I'm well sick of my headsail furling lines, which I replaced when I replaced all my standing rigging 3 years ago.

The running rigging I got from Spencer Rigging has all turned out to be poor. The halyards I bought at enormous expense are "cruising" dyneema which is like a loose polyester tube over the dyneema core, and don't work well in the clutches.

The 12mm polyester double braid furling lines have swollen up to the extent that they can't be used in the clutches any more, and they pile up and jam in the furling drum. Ick! What a disappointment! Only three years of poor service and now they will be tossed, compared to the lovely ropes supplied by Moody which lasted 10 years. All this cordage looks worse at 3 years than the original Moody stuff looked upon retirement at 10. Boo!

I cannot furl my large yankee by hand. The forces are just too huge, and the large Selden Furlex drums require a lot of muscle just by themselves. So this is always done on an electric winch, and so I question the necessity of 12mm cordage for this.
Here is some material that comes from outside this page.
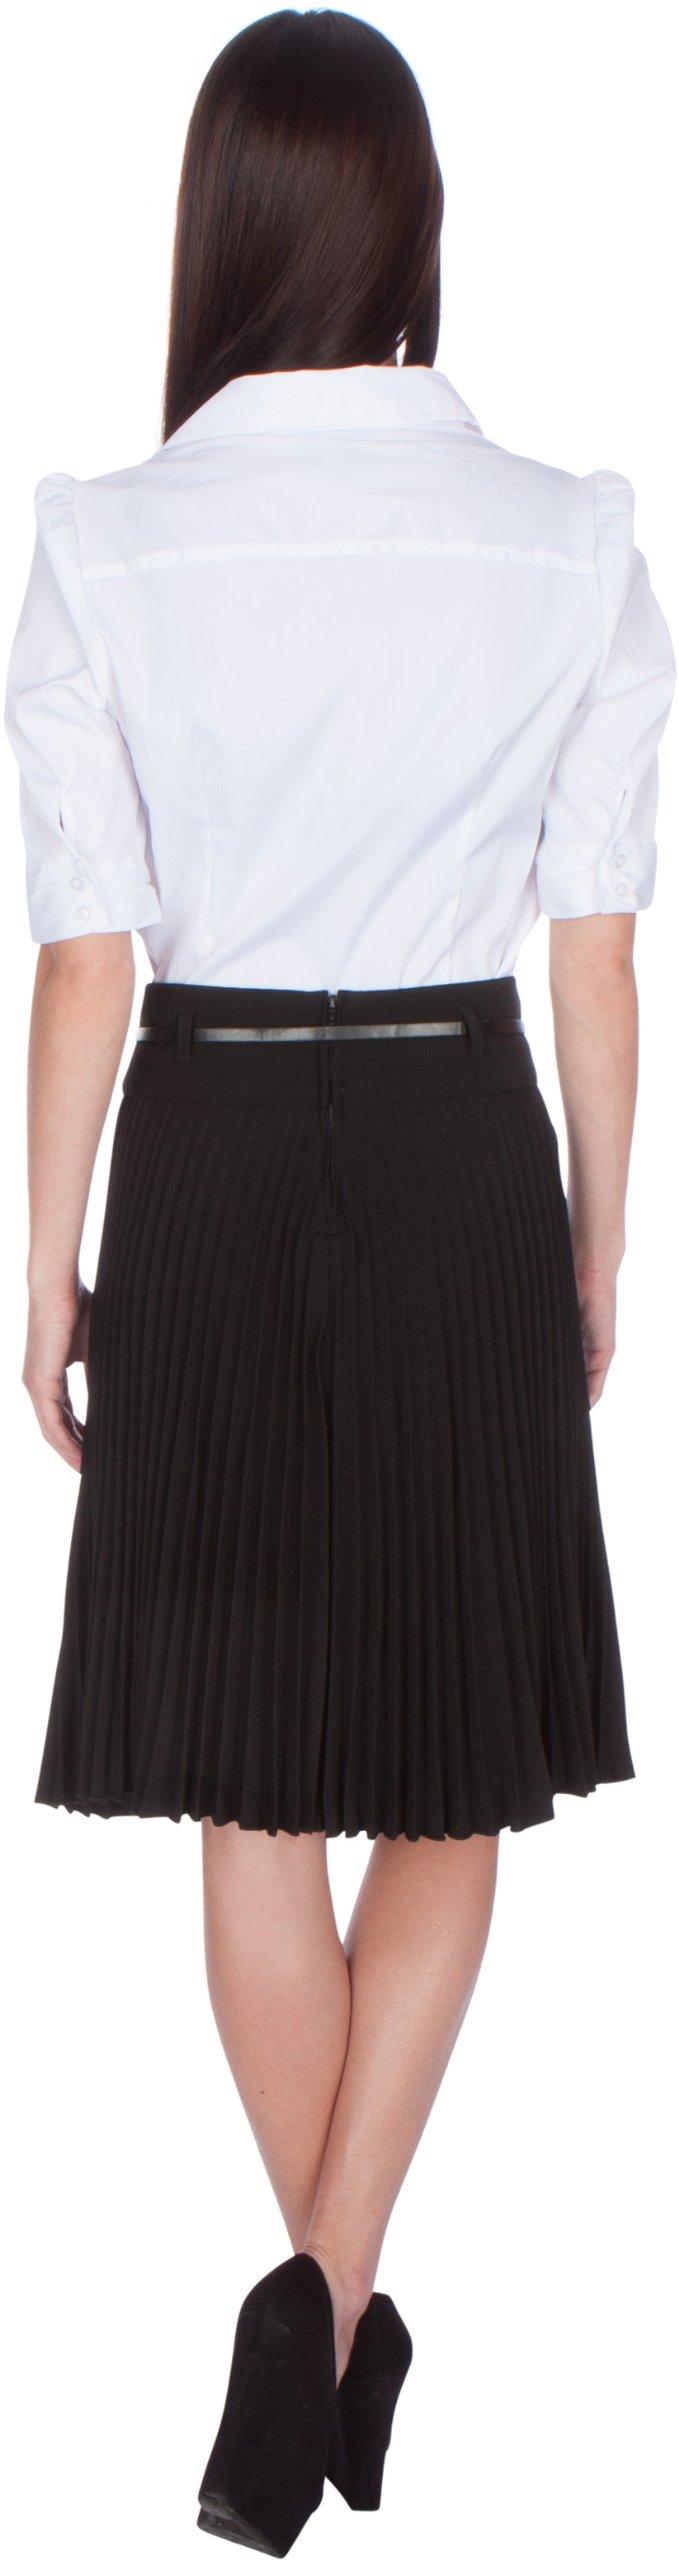 Sakkas FV3543 Knee Length Pleated A-Line Skirt with Skinny Belt - Black/X-Large by Sakkas (Image #4)

I am thinking about using some more of the lovely 10mm Marlow D2 Racing 78 dyneema rope I had my new preventers made out of. Great hand, and the cover fits tightly. This will occupy far less space on the furler drum than the original 12mm and should eliminate the jamming, I would think.

Dyneema is overkill for this, but if I'm going to downsize them, I don't want to introduce a lot of stretch. Stretch in the furling line doesn't matter except when you are reefed, which I avoid as much as possible, but the few occasions may be important ones.

Any flaw in any of this logic?


I could taper them for even more saving, but this seems to me to be entirely superfluous if I'm going down to 10mm anyway.

I am aware that I will have less mechanical advantage when the sail is out, when the roll of rope is smaller due to smaller diameter cordage, but I don't think this makes a great deal of difference -- the rope is plenty strong and I'll be using an electric winch with plenty of power.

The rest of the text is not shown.